WT and APP/PS1 (8 month) mice retinas were examined using mass spectrometry (MS) and data obtained was subjected to in-depth computational analysis using STRING and PANTHER tools. The retinal biochemical changes were evaluated using WB and IF analysis of the retinal sections (n=10). The findings were contrasted with retinal changes in rat model of increased IOP caused by microbead induced glaucoma (n=10).

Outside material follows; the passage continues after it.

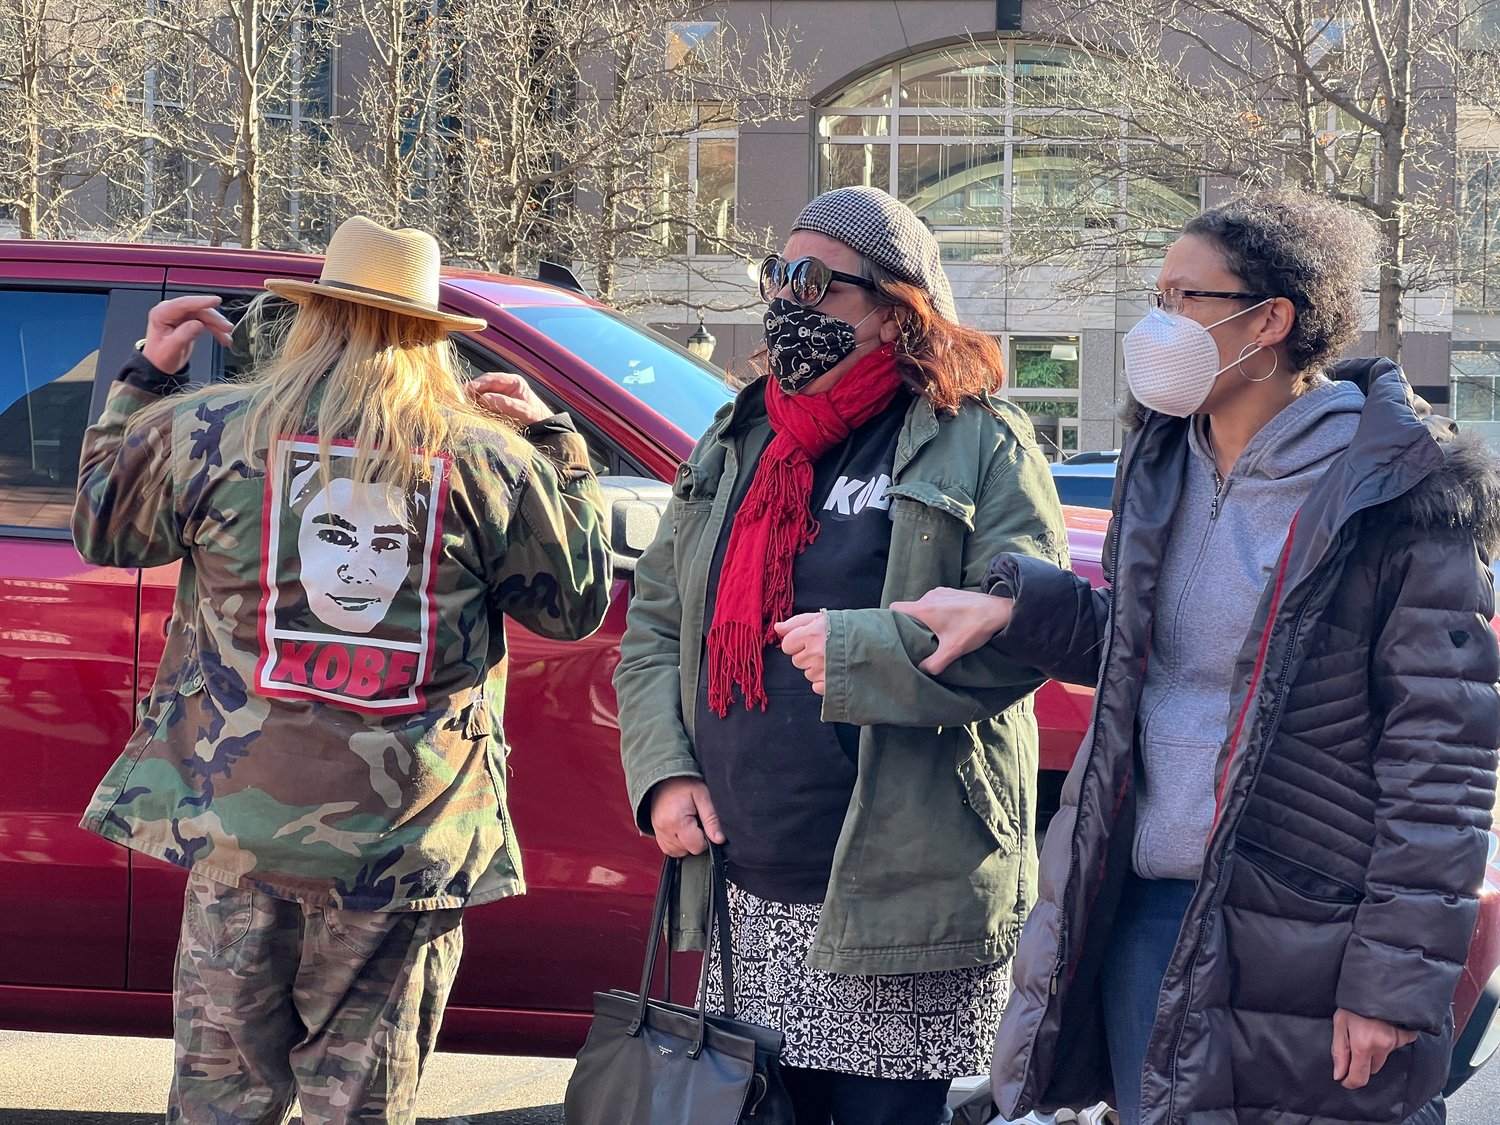 Family members of Kobe Dimock-Heisler show their solidarity with Amir Locke’s family at an April 8 rally and march in downtown Minneapolis. Heisler, who was autistic, was shot and killed by Brooklyn Center police officers during a domestic disturbance at his grandparents' home in August 2019. Heisler's grandfather had reportedly tried to cancel the call before police arrived, as the situation had already deescalated.

MS data revealed significantly reduced expression levels of crystallin proteins in the retinas of both AD (p<0.05) and glaucoma (p<0.05) models compare to respective control animals. Immunoblotting analysis of retinal lysates of AD mice demonstrated significantly decreased αB and βB2-Crystallins (p<0.02) along with βB3-Crystallin downregulation (p<0.01) compared to the WT counterparts. IF staining further revealed lower expression levels of the αβ-, βB2- and βB3 crystallins in the retinas in AD pathology (n=3). IF analysis of the experimental glaucoma retinas further corroborated these findings with reduced expression levels of αB-, βB2- and βB3-Crystallin proteins (n=3).

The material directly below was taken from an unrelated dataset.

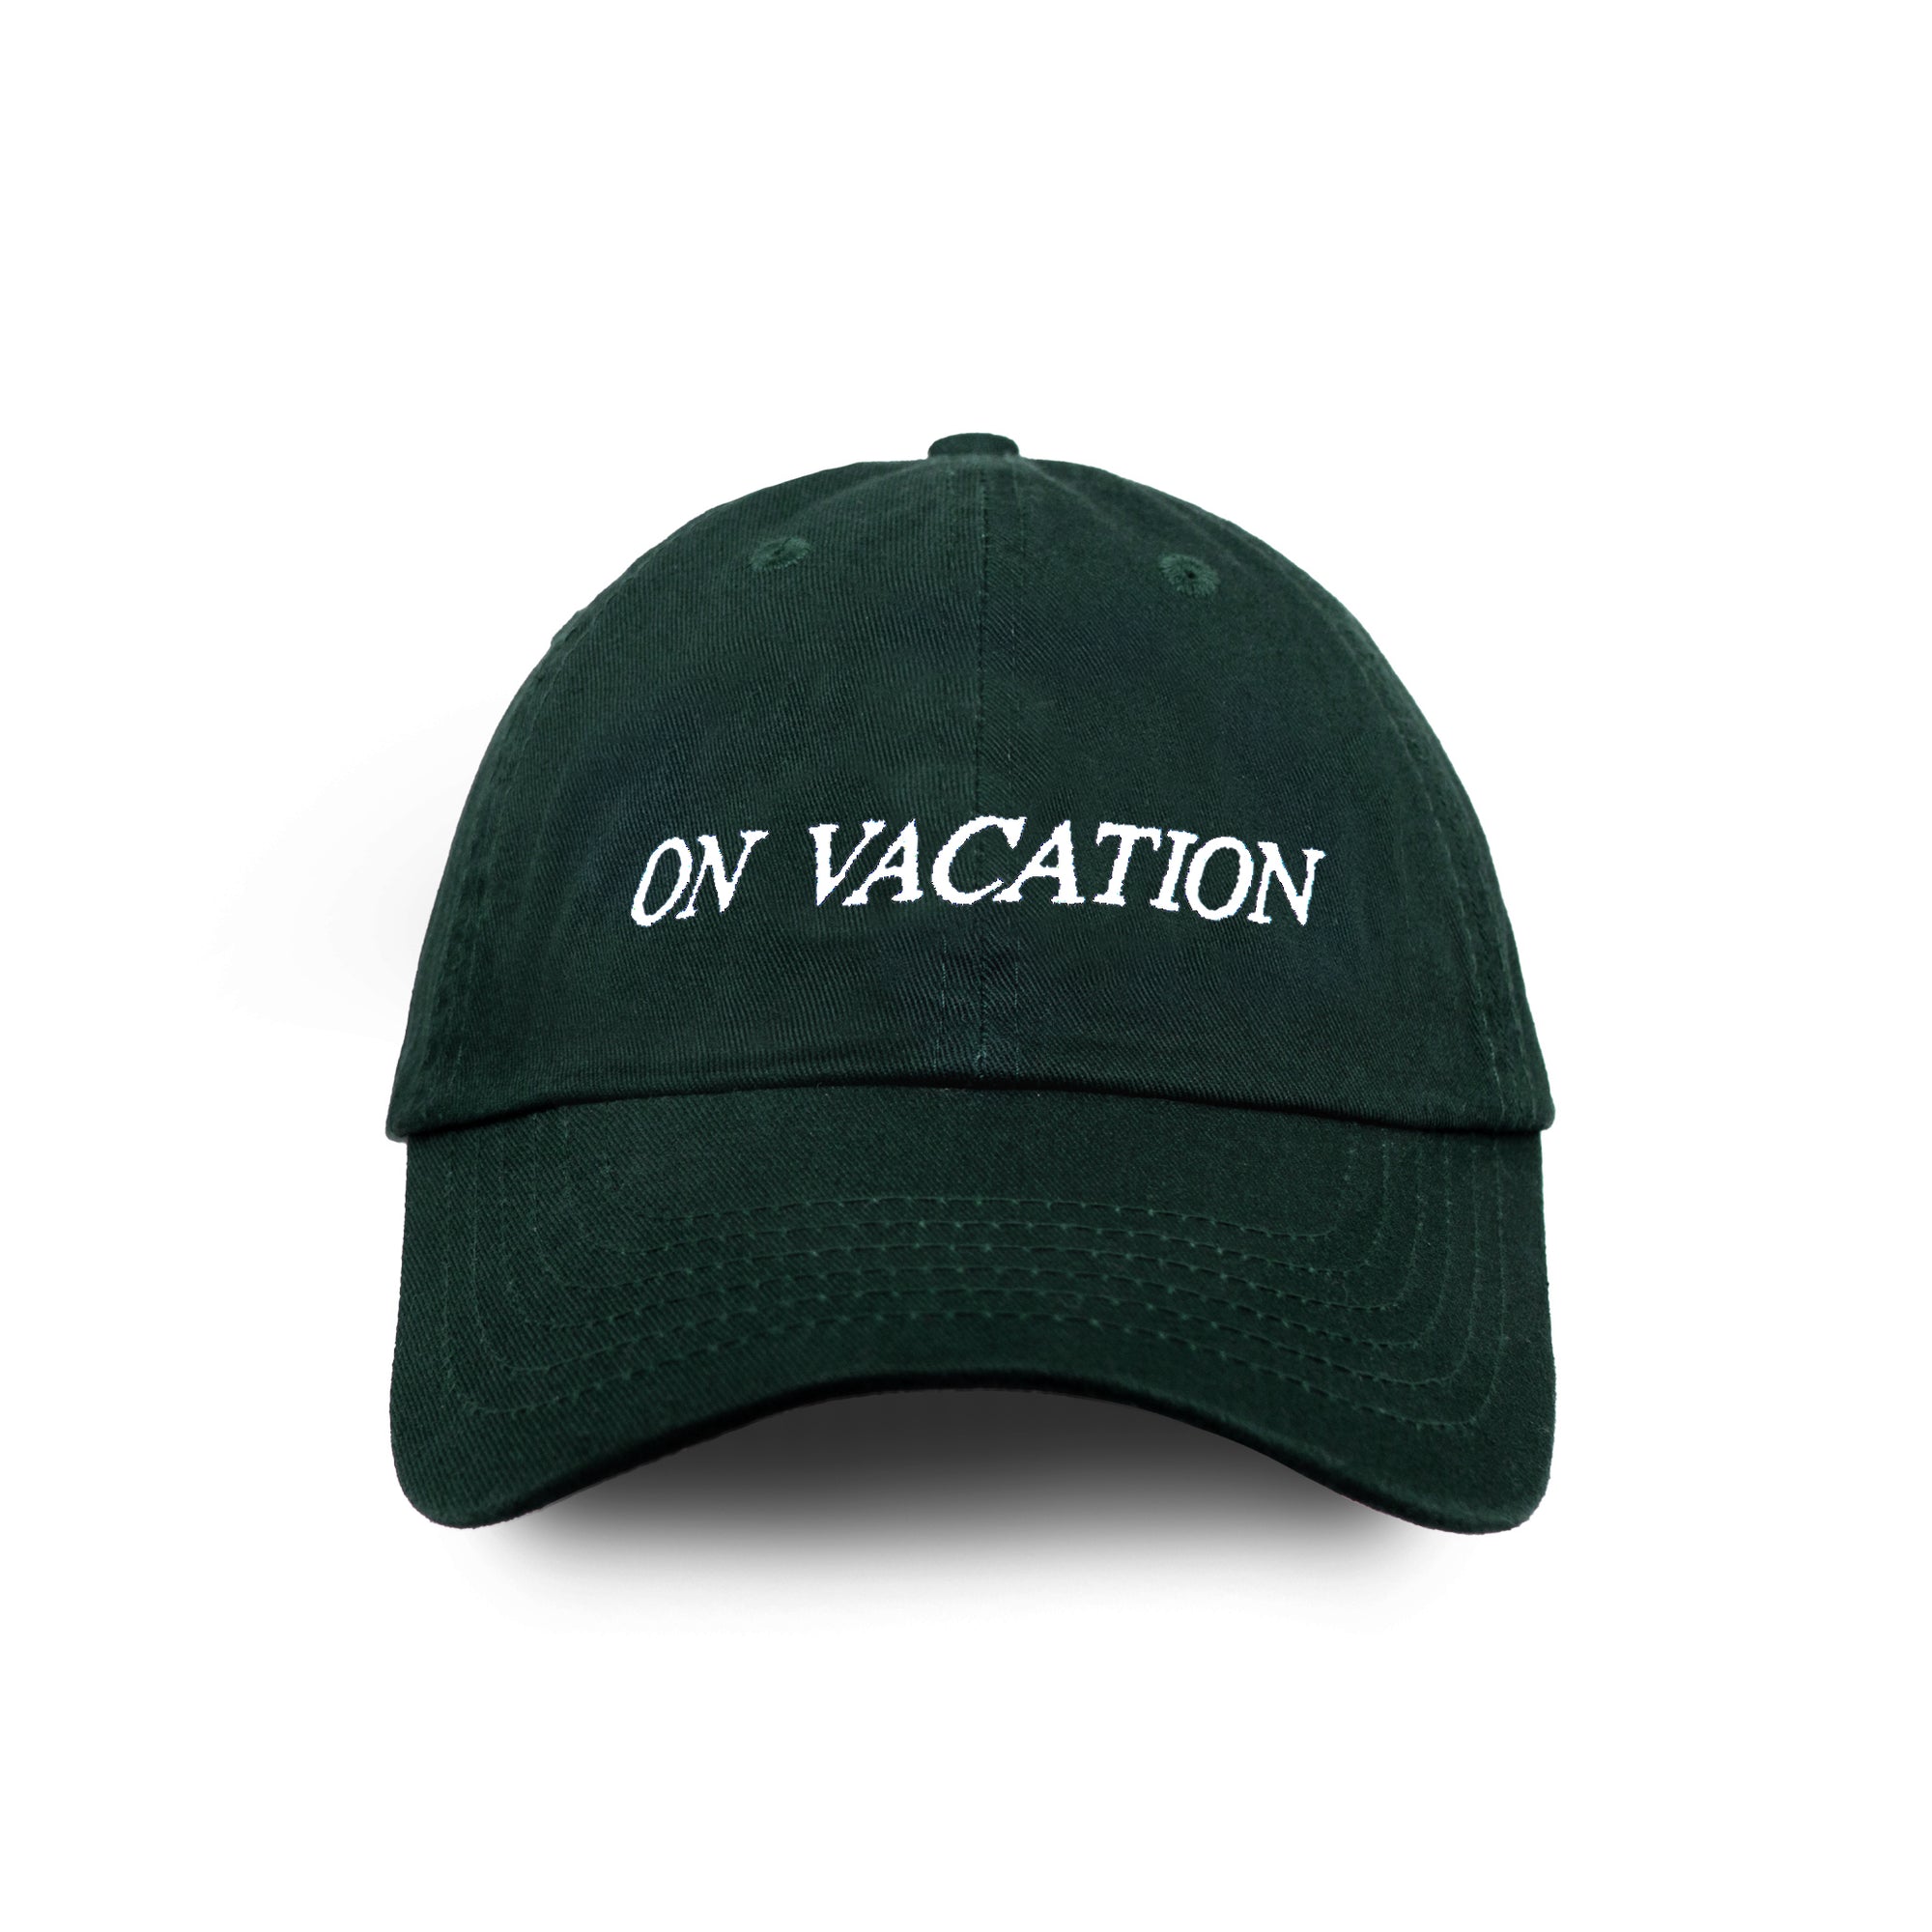 ON VACATION

This study provides evidence for various crystallin isoforms that are specifically affected in the retinas of an animal AD model and in retinal injury caused by experimental glaucoma. Our findings implicate converging neurodegenerative mechanisms in these two disorders that might lead to downregulation of the crystallin network. Further studies will examine the potential neuroprotective effects of modulating crystallins in the retina, which in turn could help design new treatment strategies to preserve or regenerate neurons.
This abstract was presented at the 2019 ARVO Annual Meeting, held in Vancouver, Canada, April 28 - May 2, 2019.